France | France, Cour administrative d'appel de Paris, 7ème chambre, 01 décembre 2020, 20PA01930


Vu la procédure suivante :

Procédure contentieuse antérieure :

M. B... E... a demandé au Tribunal administratif de Paris d'annuler pour excès de pouvoir l'arrêté du 20 mai 2020 par lequel le préfet de police a décidé de son transfert aux autorités allemandes, de l'admettre au bénéfice de l'aide juridictionnelle provisoire et d'enjoindre au préfet de police d'enregistrer sa demande d'asile en procédure normale en lui remettant l'attestation de demande d'asile correspondante dans un délai de dix jours à compter de la notification du jugement, sous astreinte de 150

euros par jour de retard.

Par un jugement n° 2007643/8 du 24 juin 2020, le ...

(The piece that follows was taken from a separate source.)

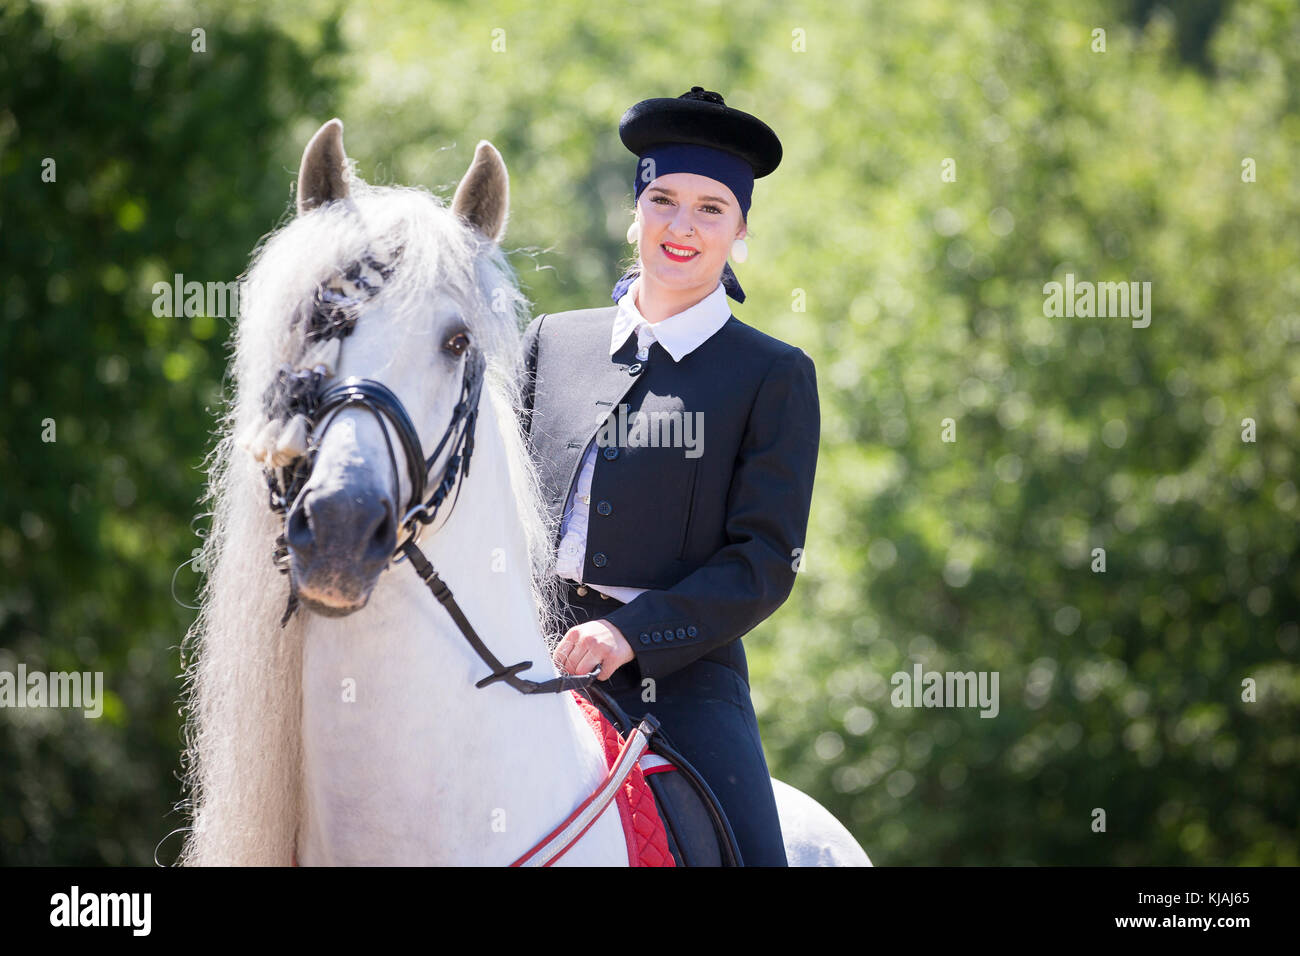 Reine Spanische Pferd, Andalusische. Reiter in traditioneller Kleidung auf graue Hengst auf einem Reitplatz. Österreich Stockfoto

Vu la procédure suivante :

Procédure contentieuse antérieure :

M. B... E... a demandé au Tribunal administratif de Paris d'annuler pour excès de pouvoir l'arrêté du 20 mai 2020 par lequel le préfet de police a décidé de son transfert aux autorités allemandes, de l'admettre au bénéfice de l'aide juridictionnelle provisoire et d'enjoindre au préfet de police d'enregistrer sa demande d'asile en procédure normale en lui remettant l'attestation de demande d'asile correspondante dans un délai de dix jours à compter de la notification du jugement, sous astreinte de 150 euros par jour de retard.

Par un jugement n° 2007643/8 du 24 juin 2020, le Tribunal administratif de Paris a admis M. E... au bénéfice de l'aide juridictionnelle provisoire, annulé l'arrêté contesté, enjoint au préfet de police d'enregistrer en procédure normale la demande d'asile de l'intéressé et de lui remettre l'attestation de demande d'asile correspondante dans un délai de dix jours à compter de la notification du jugement, mis la somme de 1 000 euros à la charge de l'Etat au titre des frais d'instance et rejeté le surplus de la requête.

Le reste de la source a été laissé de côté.